Entries supplied -
= = = = = = =

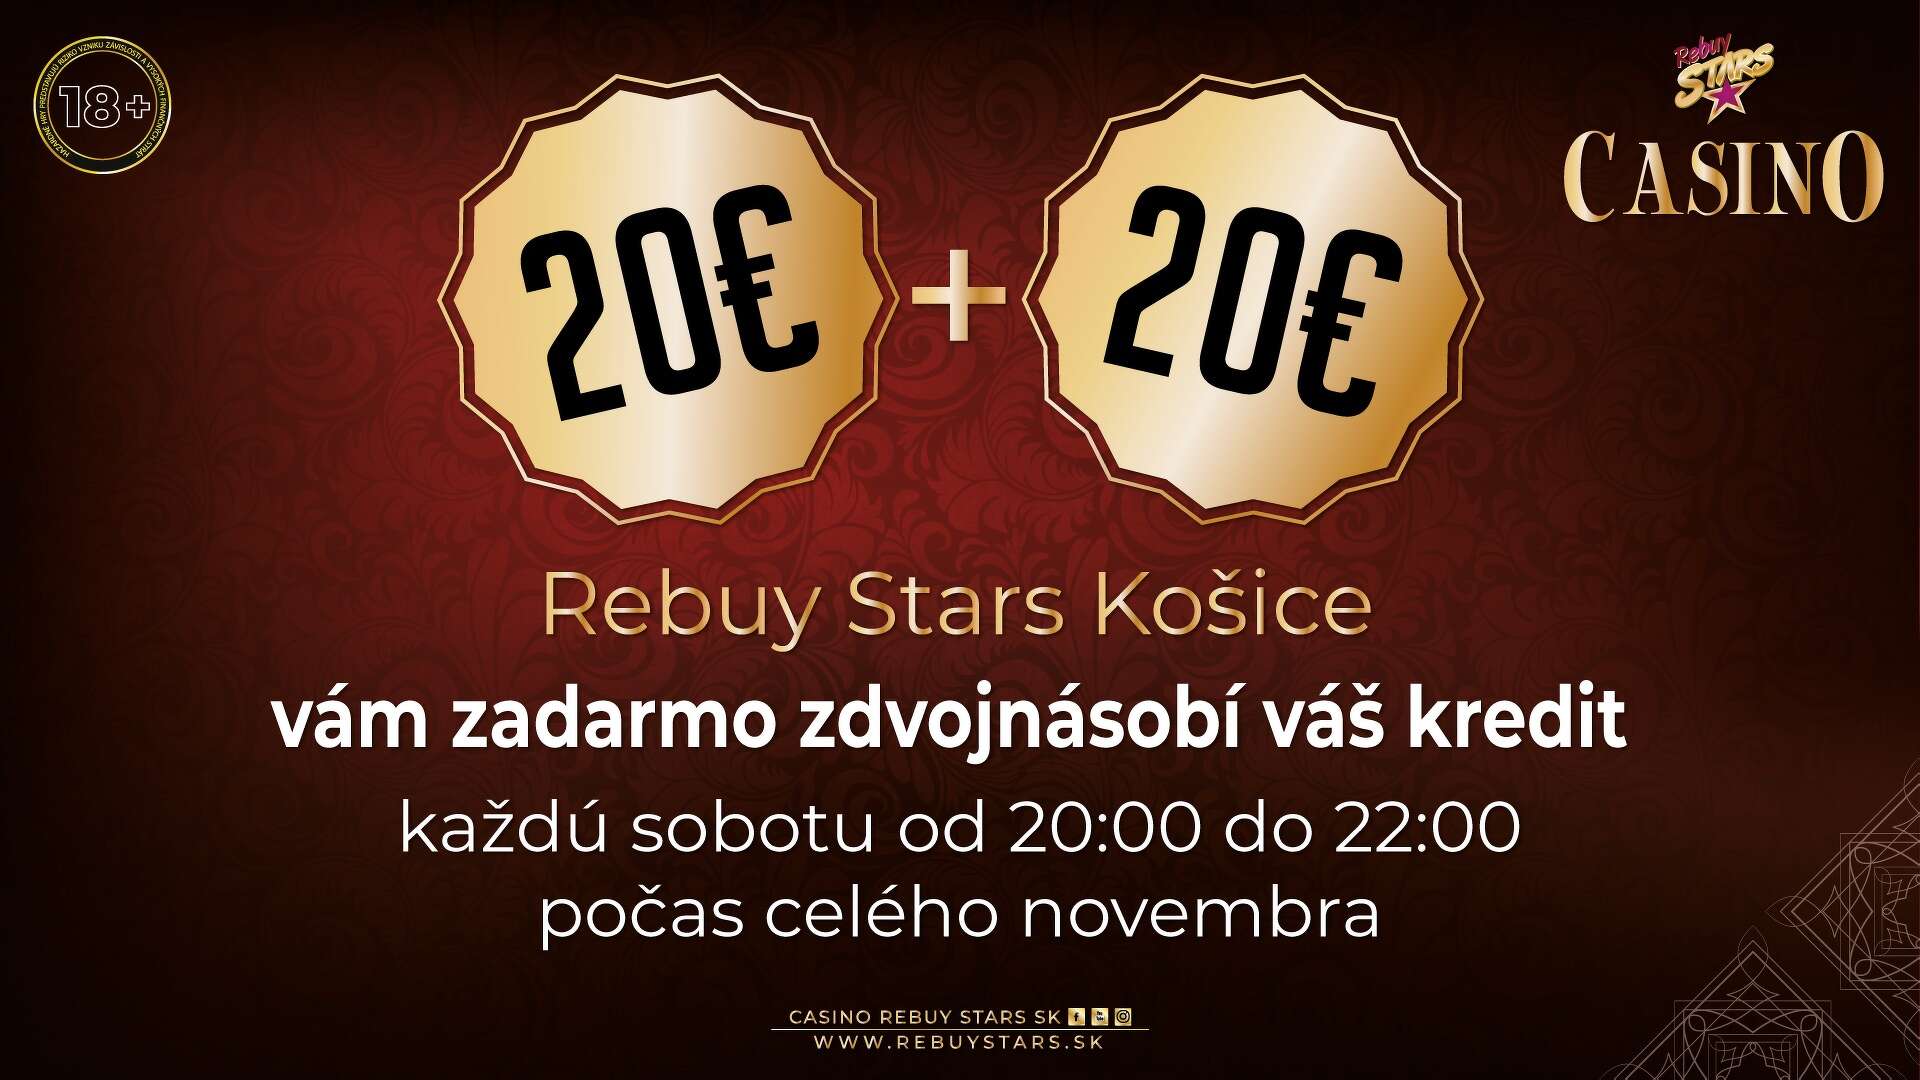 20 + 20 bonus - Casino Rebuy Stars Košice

= = = = = = =

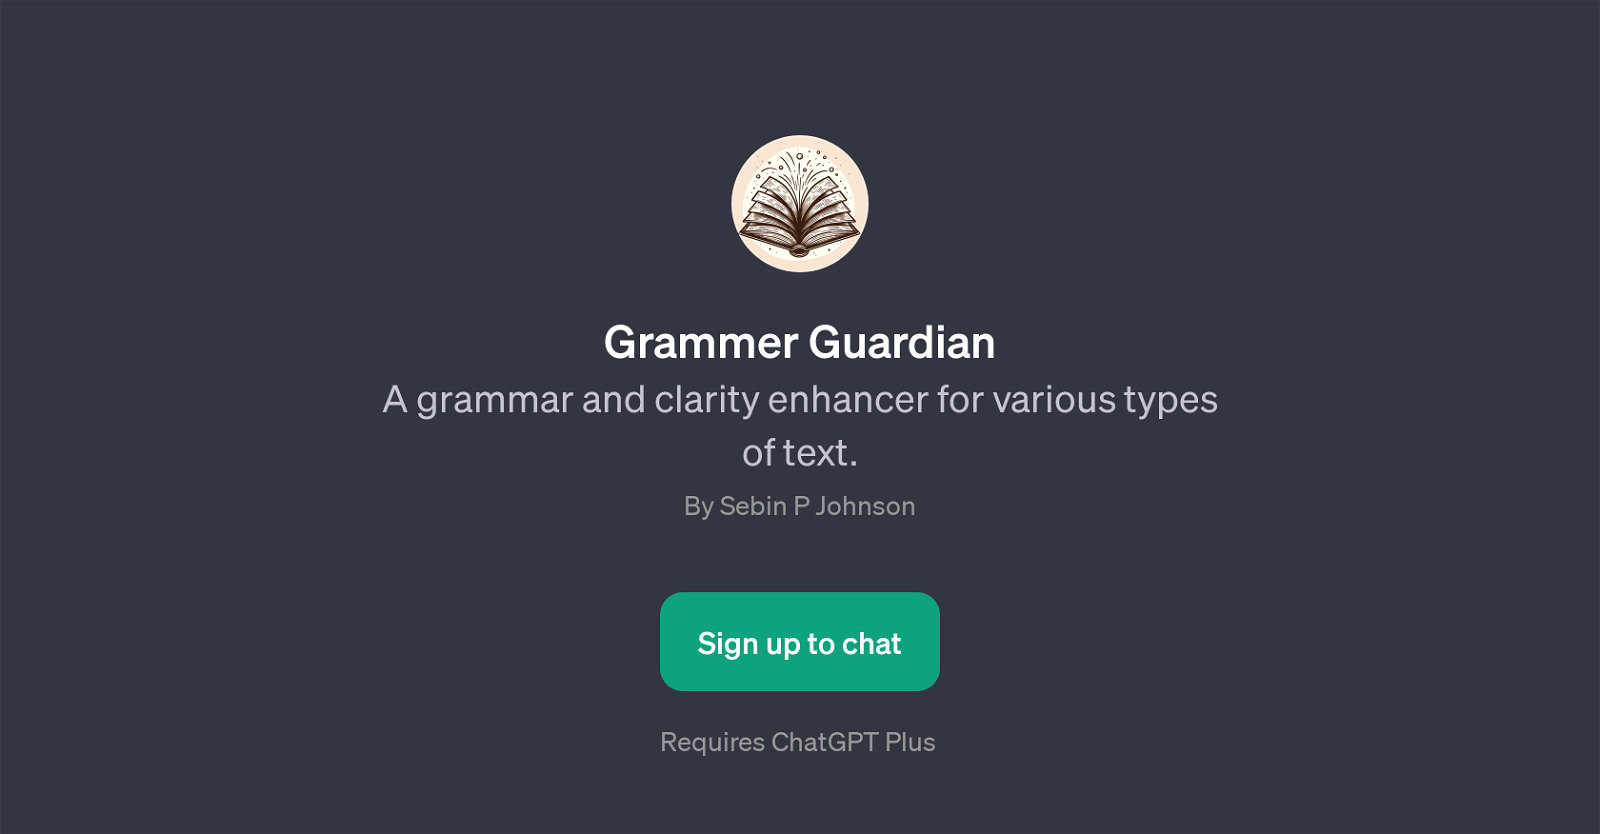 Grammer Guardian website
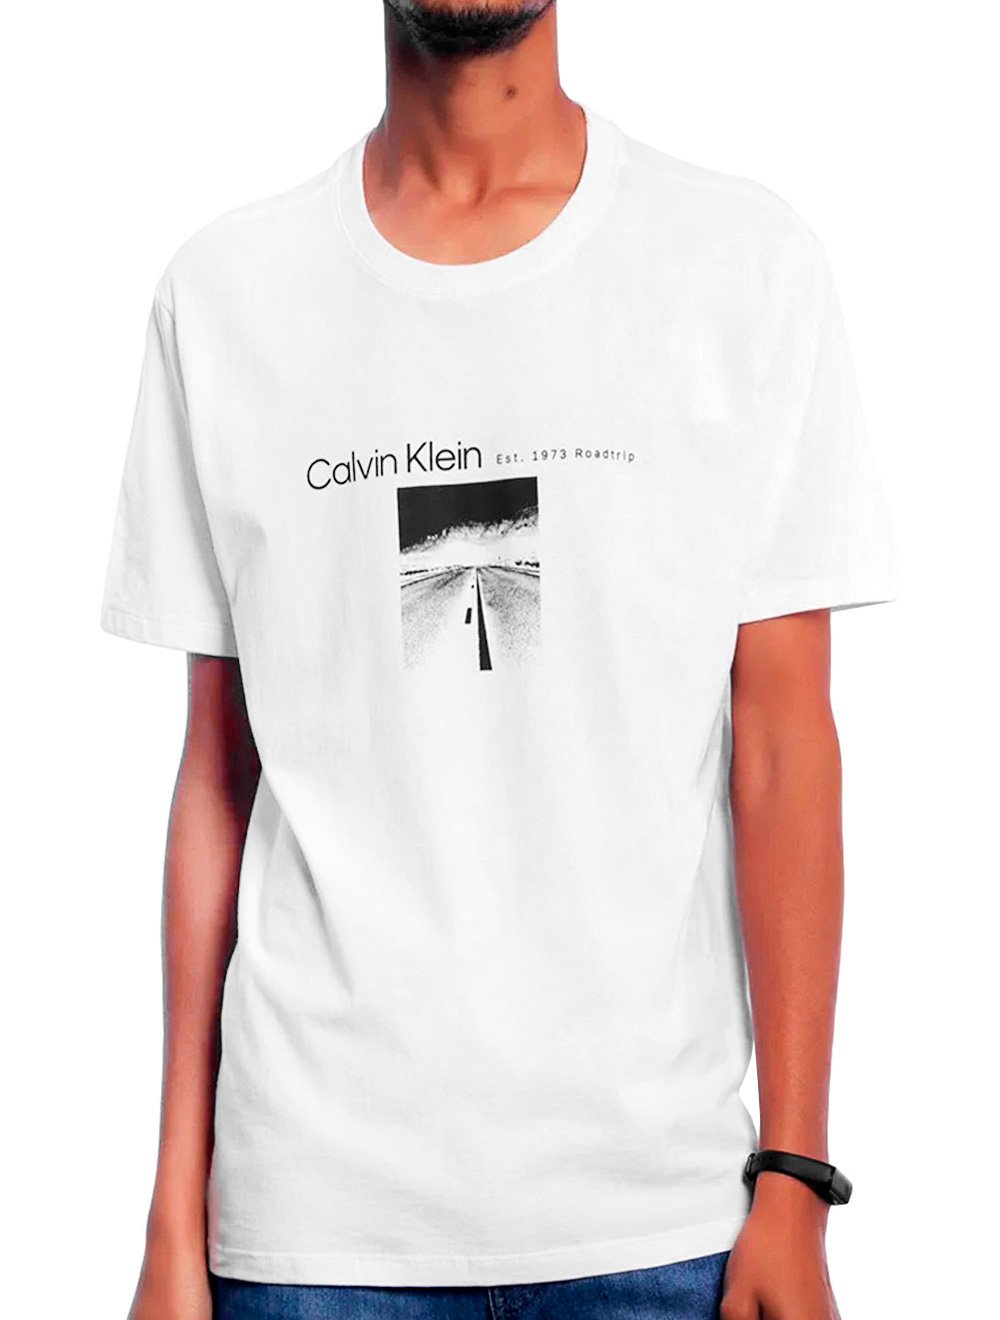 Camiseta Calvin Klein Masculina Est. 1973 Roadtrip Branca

= = = = = = =

In the listing above, the required lines run from the line with "Grammer Guardian website" through the line with "Camiseta Calvin Klein". Output exactly those lines, omitting pictures.

 Grammer Guardian website
 Camiseta Calvin Klein Masculina Est. 1973 Roadtrip Branca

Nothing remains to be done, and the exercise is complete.